View Single Post
Old 05-05-09, 12:33 AM
  #6  
DylanJ
Member
 
Join Date: May 2008
Posts: 43
Mentioned: 0 Post(s)
Tagged: 0 Thread(s)
Quoted: 0 Post(s)
Likes: 0
Liked 0 Times in 0 Posts
Can't make any assumptions but most crashes are greatly contributed to by fatigue. So first piece of advice would be to acknowledge when you are tired and take proper precautions.

Also, I see you're preparing to ride with a small lane of travel but simply riding and getting a good feel for the bike is going to be about as good of preparation as trying to stay in a small lane. I know that's a lot easier to say after you've fallen, because it wouldn't really apply if nothing bad happened. But doing what you did isn't going to help you much, it'll just assess where your control of the bike is at.

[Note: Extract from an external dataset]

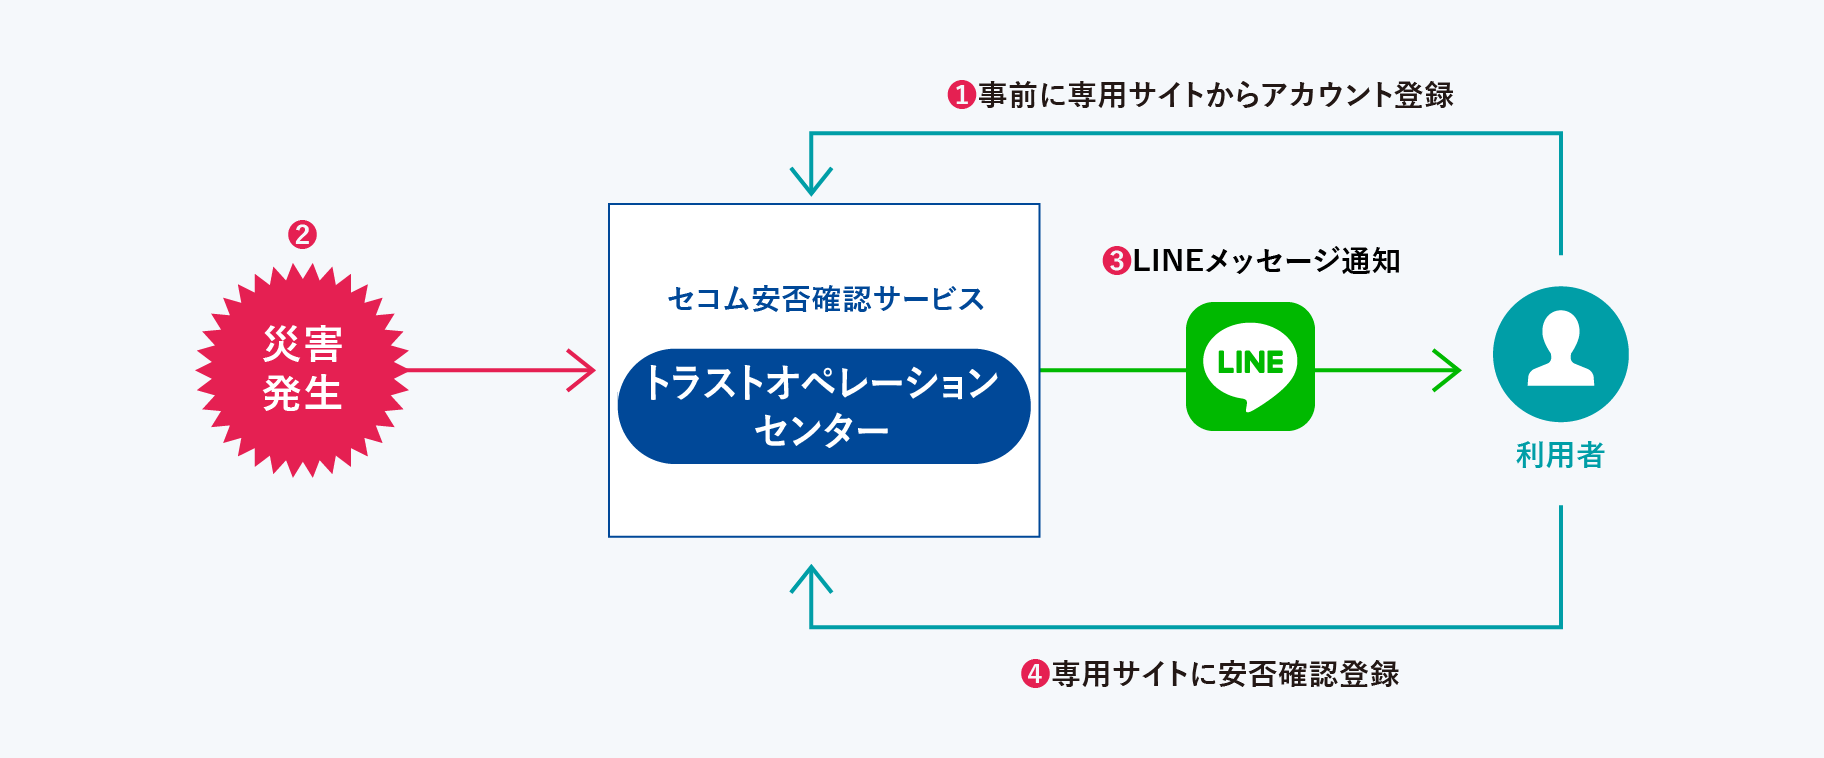 LINEアプリを使った安否報告のイメージ
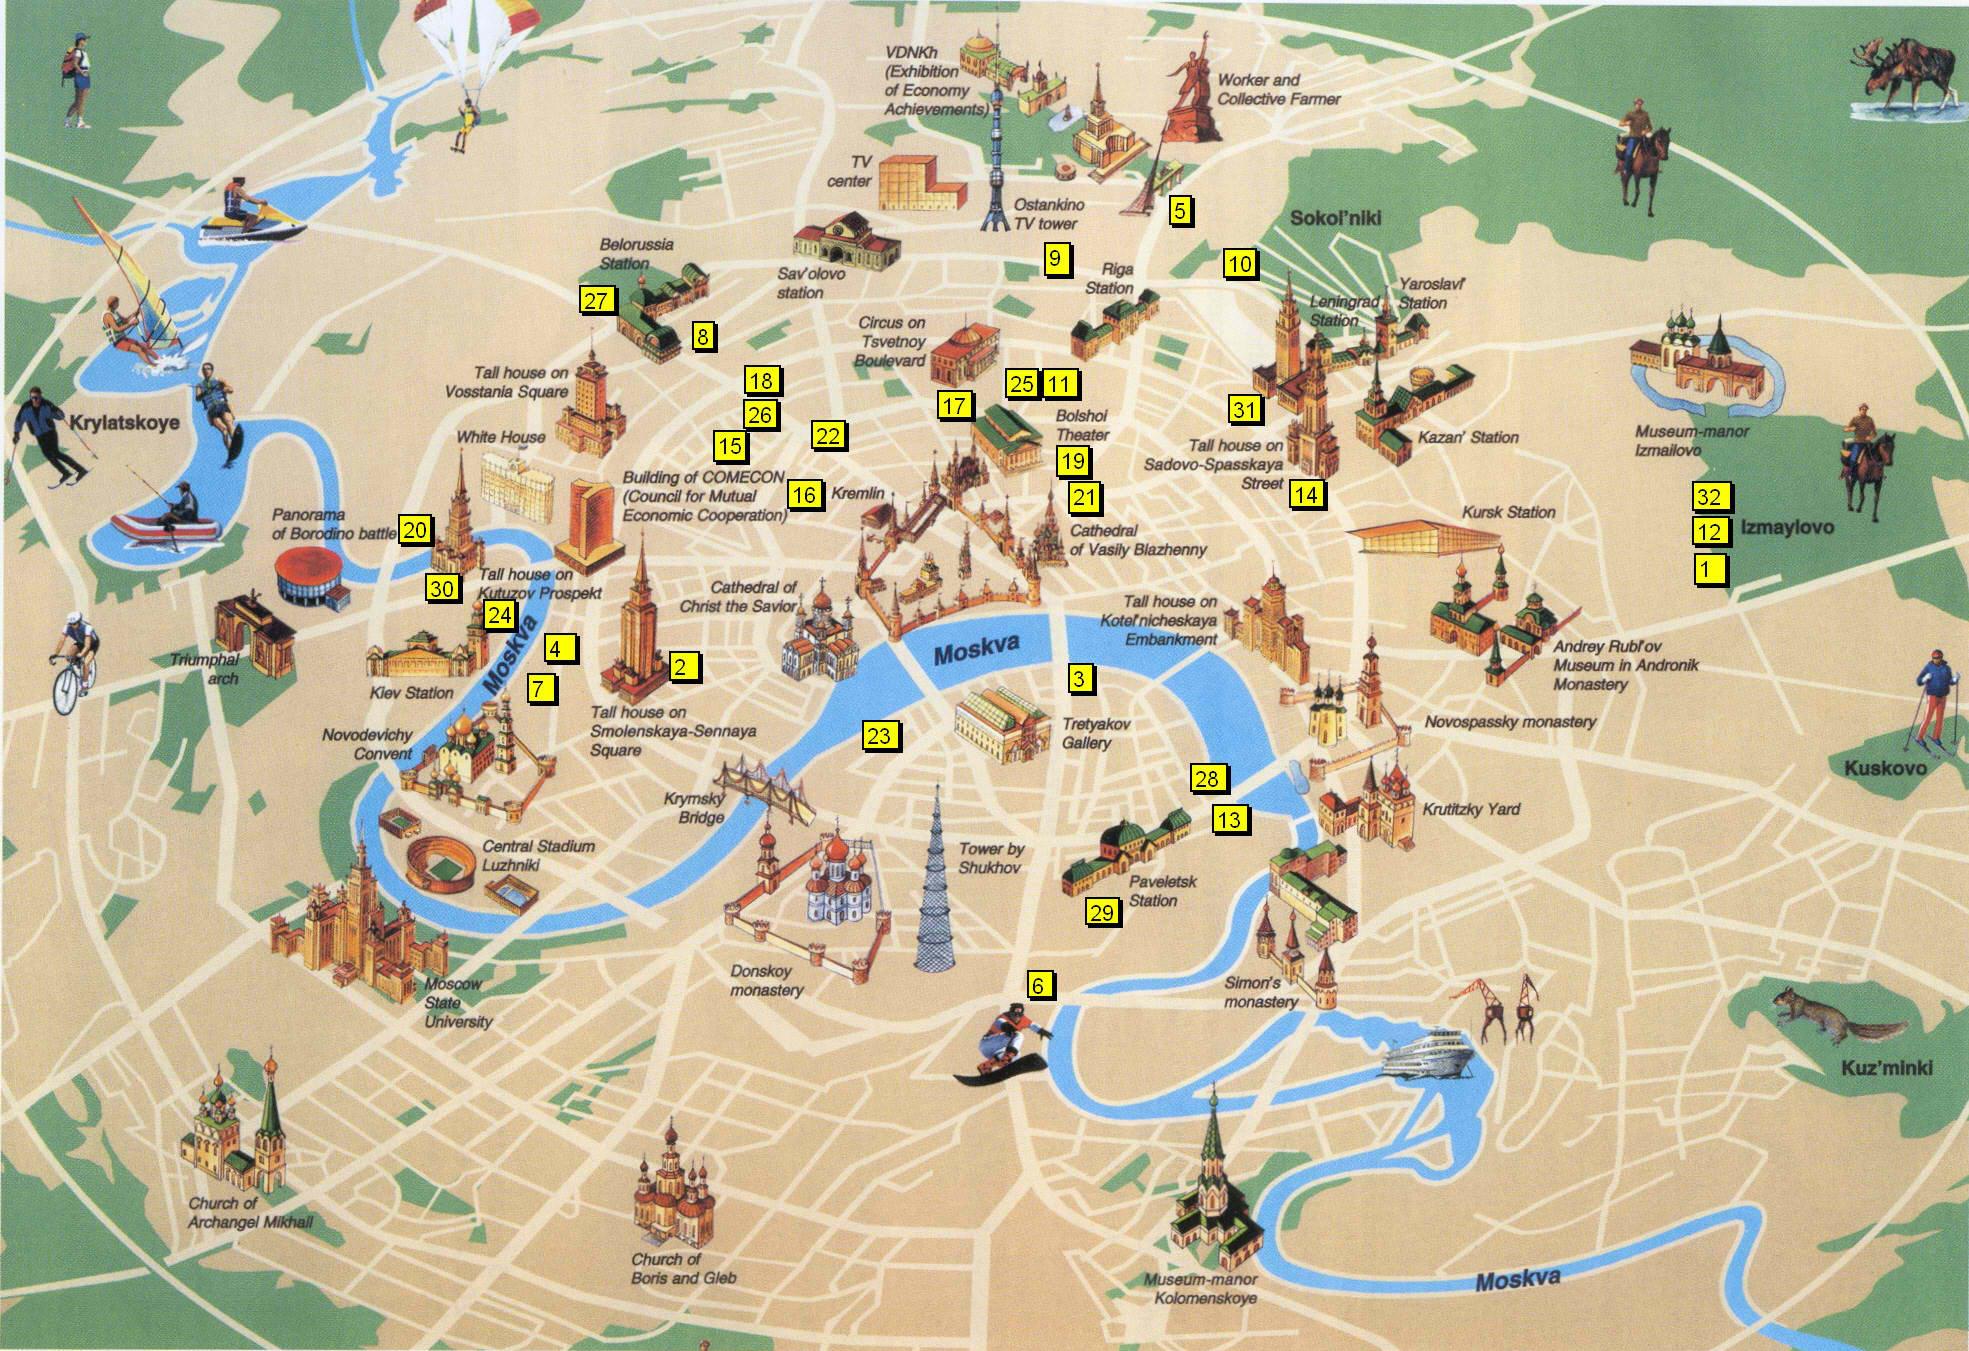 london térkép Londoni turisztikai látnivalók térkép   London Térkép látnivalók  london térkép

Having ridden a BMX bike when I was younger and mountain bike more recently, I had to adjust to riding a road bike. The small tires make handling very touchy and make it a lot easier to take a spill. I've ridden off the trail a couple times on accident and haven't fallen but I feel in danger when it happens. When you accidentally get off the trail, treat it somewhat like you would losing control in a car (hydroplaning, driving on snow/ice, flat tire): try to go as straight as possible as you work toward recovery.

Have you ever crossed railroad tracks or received advice about doing so? I've been on two organized rides (Flying Wheels and STP) and both had railroad tracks and both had crashes at the railroad tracks. Not sure that applies to your crashing, but it might for the second crash. If the front wheel doesn't have enough momentum to get up over the curb it will follow the line of the curb which will most likely cause you to crash. And of course it will take less momentum to get over the "curb" the closer you are to a perpendicular approach.